A similar case, although most algorithms are much less prone fall victim to this problem, is long branch attraction in cases where the substitution rate is the same in all lineages, but the long branches are due to the absence of side branches. (Examples for long-branch attraction were included as testseq1b and c)

Break up long branches by adding additional sequences.

Use algorithms that are less sensitive to long-branch attraction.

Parsimony is pretty sensitive, usually maximum likelihood approaches that incorporate among site rate variation (ASRV) into the model are doing pretty good. Distance matrix analyses are somewhat in between (depending on the distance measure). Using simulated protein sequence evolution, i.e. the true tree is known for these sequences, we found (see poster by Olga Zhaxybayeva) that long-branch attraction in the presence of ASRV can become a problem even when sequences are more than 50% identical. However, ML approaches did reasonable well (depending on the model down to about 20% sequence identity), distance matrix analyses were in between.

Some literature:

Felsenstein, J. (1978) Cases in which parsimony and compatibility methods will be positively misleading. Syst. Zool. 27, 401-410

Hendy, M.D., Penny, D. (1989) A framework for the quantitative study of evolutionary trees. Syst. Zool. 38, 297-309

Huelsenbeck P.J. (1995) Performance of phylogenetic methods in simulation. Syst. Biol. 44: 17-48.
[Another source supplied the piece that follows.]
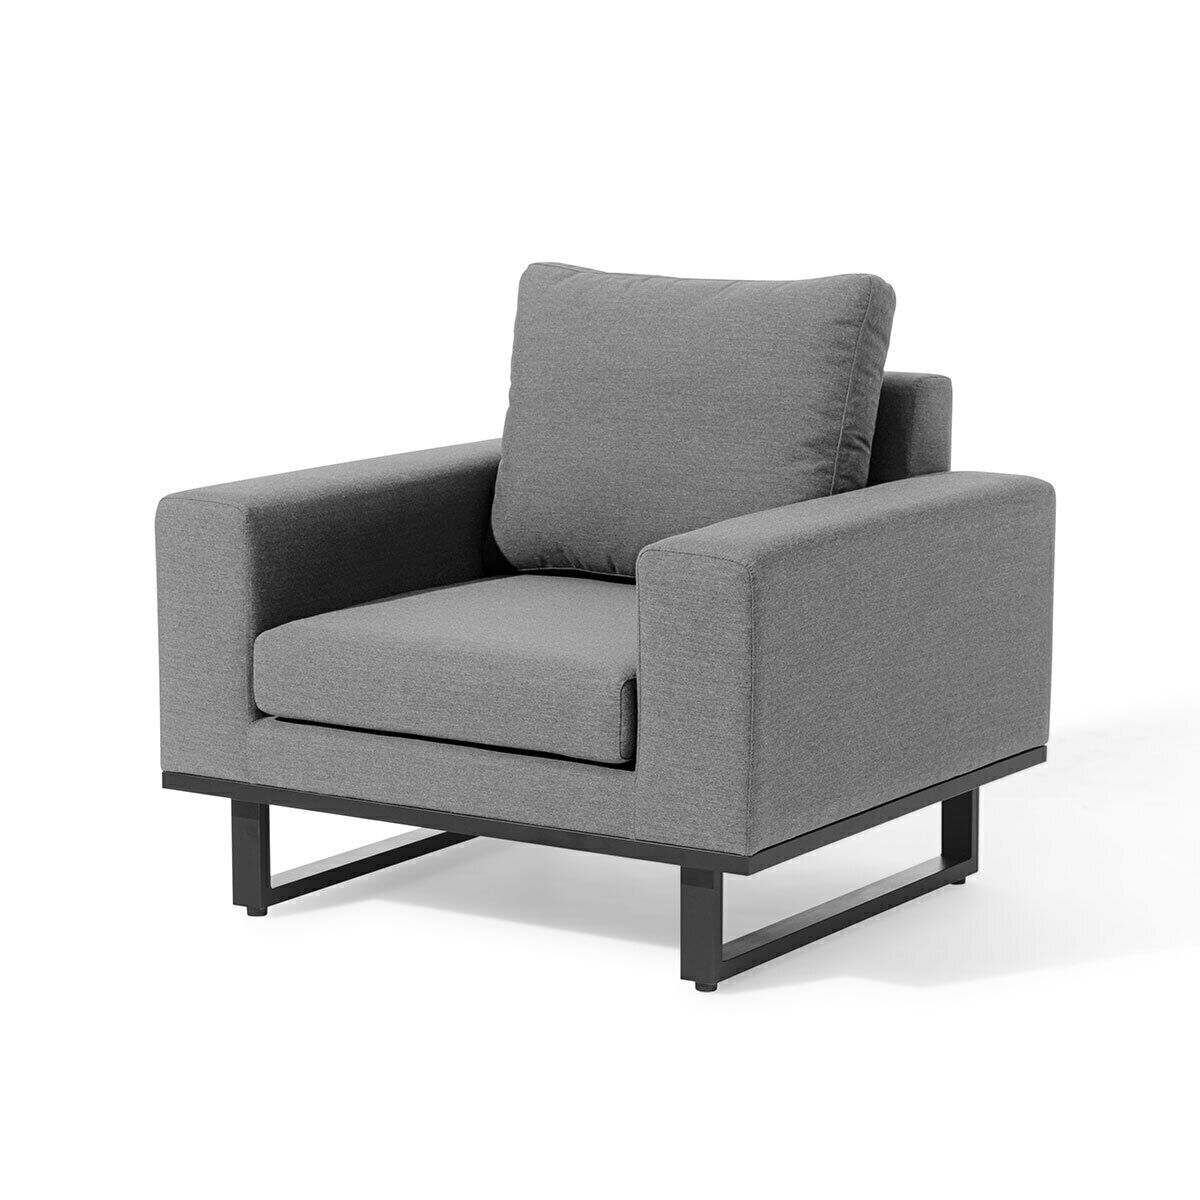 Maze - Outdoor Fabric Ethos 3 Seat Sofa Set - Flanelle product image

Kuhner M.K., and J.Felsenstein (1994) A simulation comparison of phylogeny algorithms under equal and unequal evolutionary rates. Mol. Biol. Evol. 11: 459-468.
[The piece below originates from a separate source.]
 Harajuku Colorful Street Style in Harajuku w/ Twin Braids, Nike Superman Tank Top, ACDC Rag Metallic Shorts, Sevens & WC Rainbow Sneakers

Tateno Y, N. Takezaki, and M. Nei. (1994) Relative efficiencies of the maximum-likelihood, neighbor-joining, and maximum-parsimony methods when substitution rate varies with site. Mol. Biol. Evol. 11: 261-277

TREE-PUZZLE

The reconstruction of phylogenetic trees from molecular sequences necessitates that you assume a model that describes the evolutionary process. Often these assumptions are not clearly spelled out; and some make the claim that parsimony analyses does not assume a model at all, it just searches for the tree that explains the data with the least number of substitutions. However, an alternative view is that parsimony corresponds to a model in which all substitutions are equally likely. One of the major problems, especially if one wants to calibrate the data with respect to time, is the correction for multiple substitutions. The situation is complicated by two factors:

different sites along a sequence experience substitutions with different frequency
if a replacement occurs, the different types of replacements occur with different probabilities

Both of these considerations are valid for amino acid and nucleotide sequences. Taking both of these processes into account greatly improves the validity of the obtained trees. Two approaches have been used to address problem: Either assign different weight to different positions a priori (e.g. first, second, third codon position, or stem versus loop regions in rRNA. Or have the program decide which distribution of among site rate variation is present in the data and make the appropriate corrections for multiple substitutions.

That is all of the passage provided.